--- Directions ---
Would you transcribe the entries below, beginning at the line with "Q1 2018 Global Intelligence Contents" and ending after the line with "- Neon Watermelon", exactly, with no picture and nothing more?

--- Data section ---
+-------+

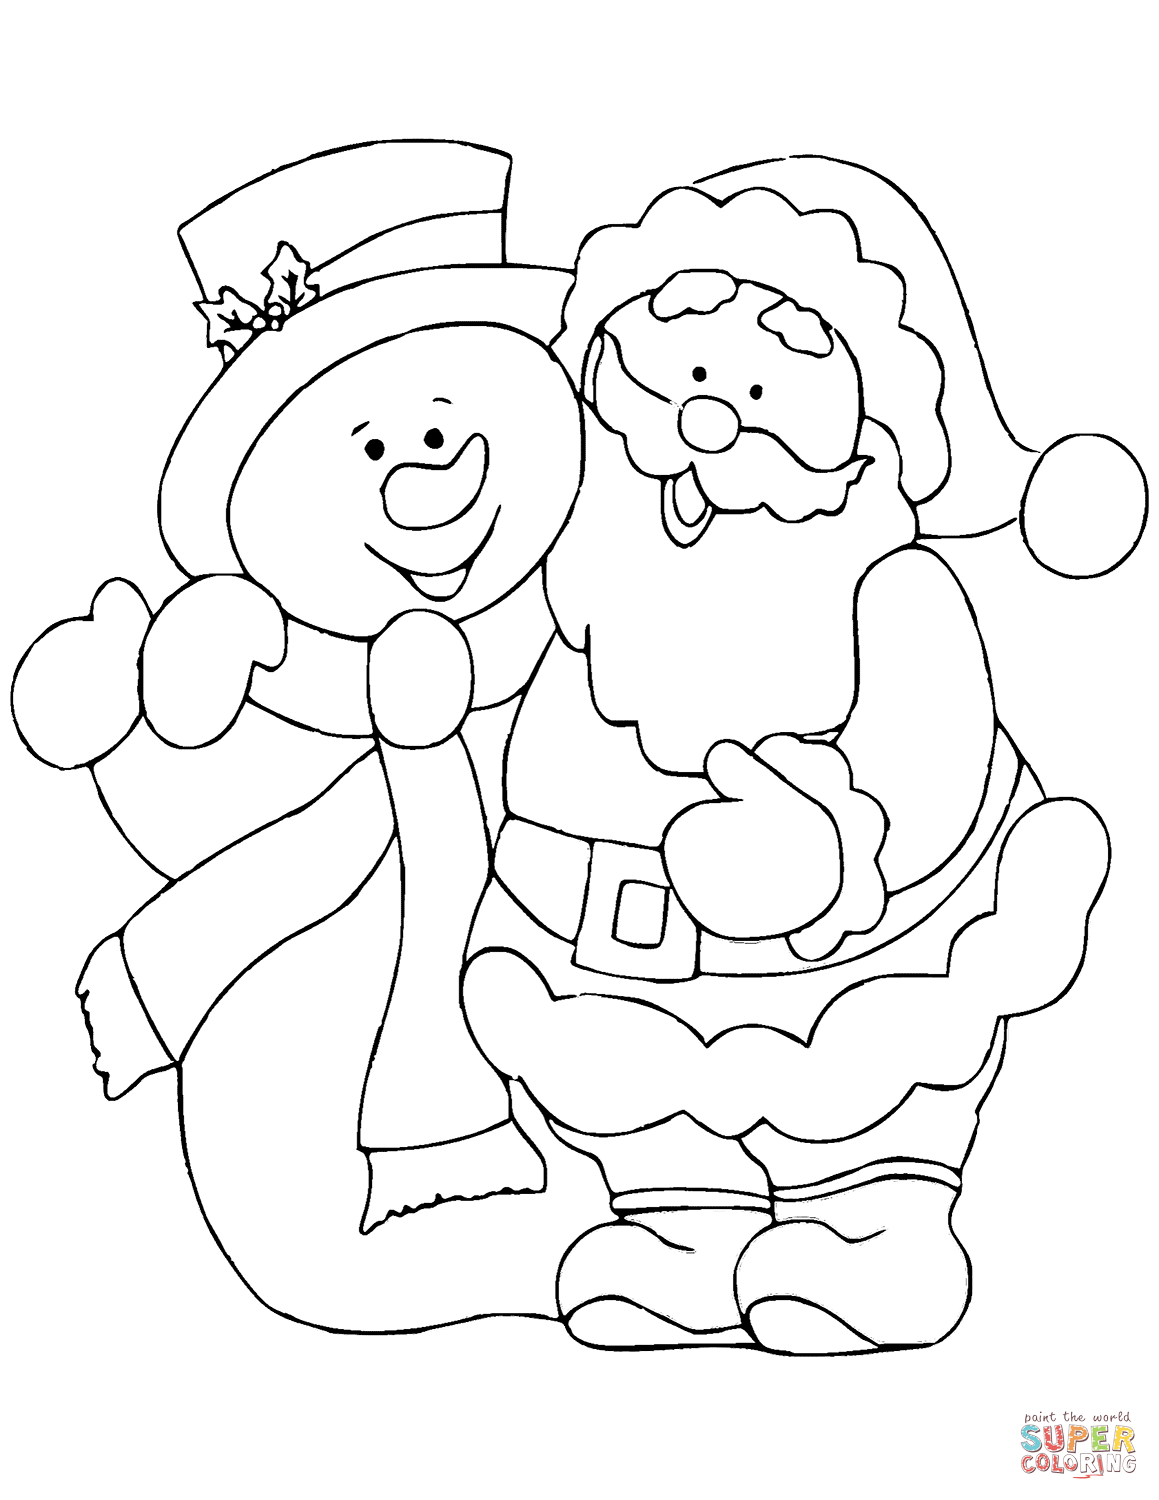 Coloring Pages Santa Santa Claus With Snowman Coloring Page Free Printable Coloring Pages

+-------+

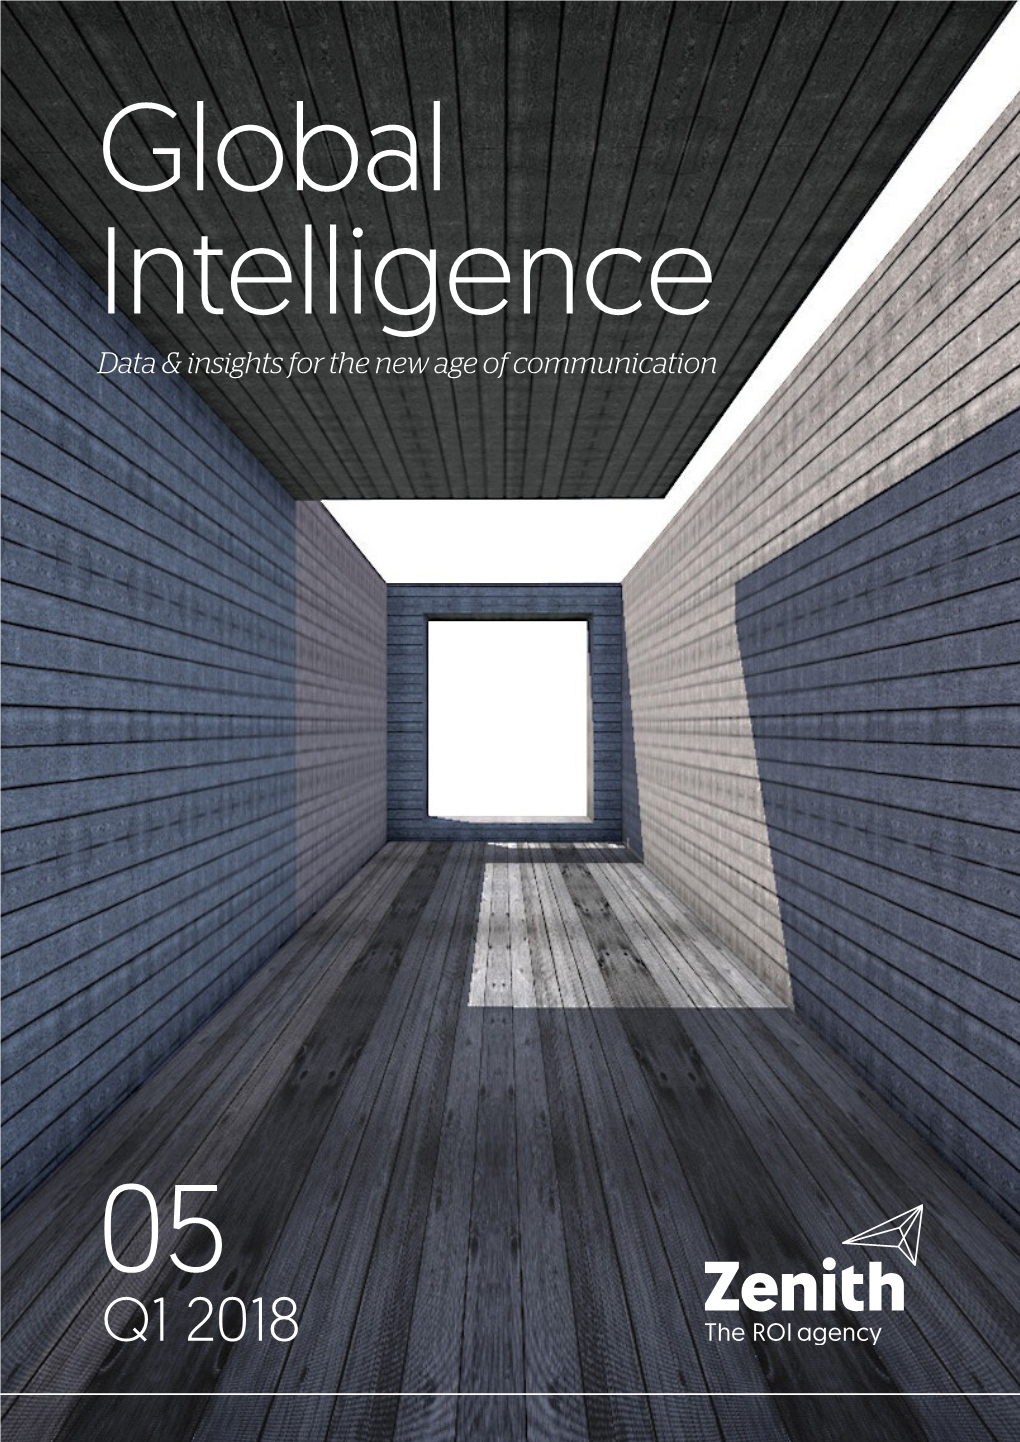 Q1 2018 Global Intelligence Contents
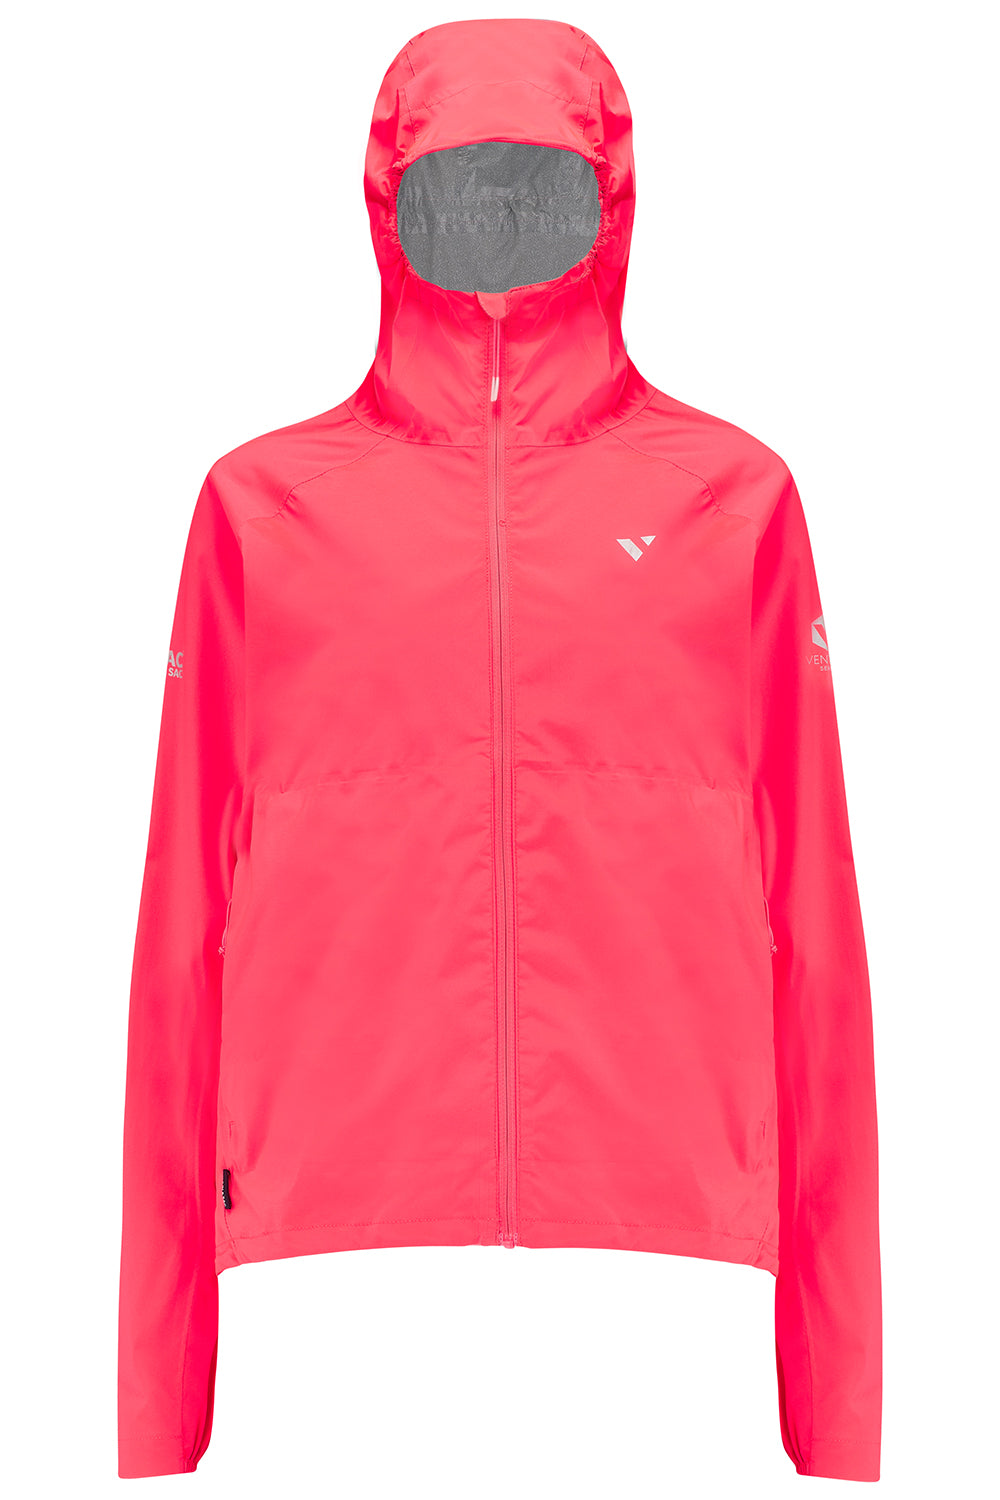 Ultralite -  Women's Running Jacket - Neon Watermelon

+-------+

--- Solution ---
 Q1 2018 Global Intelligence Contents
 Ultralite -  Women's Running Jacket - Neon Watermelon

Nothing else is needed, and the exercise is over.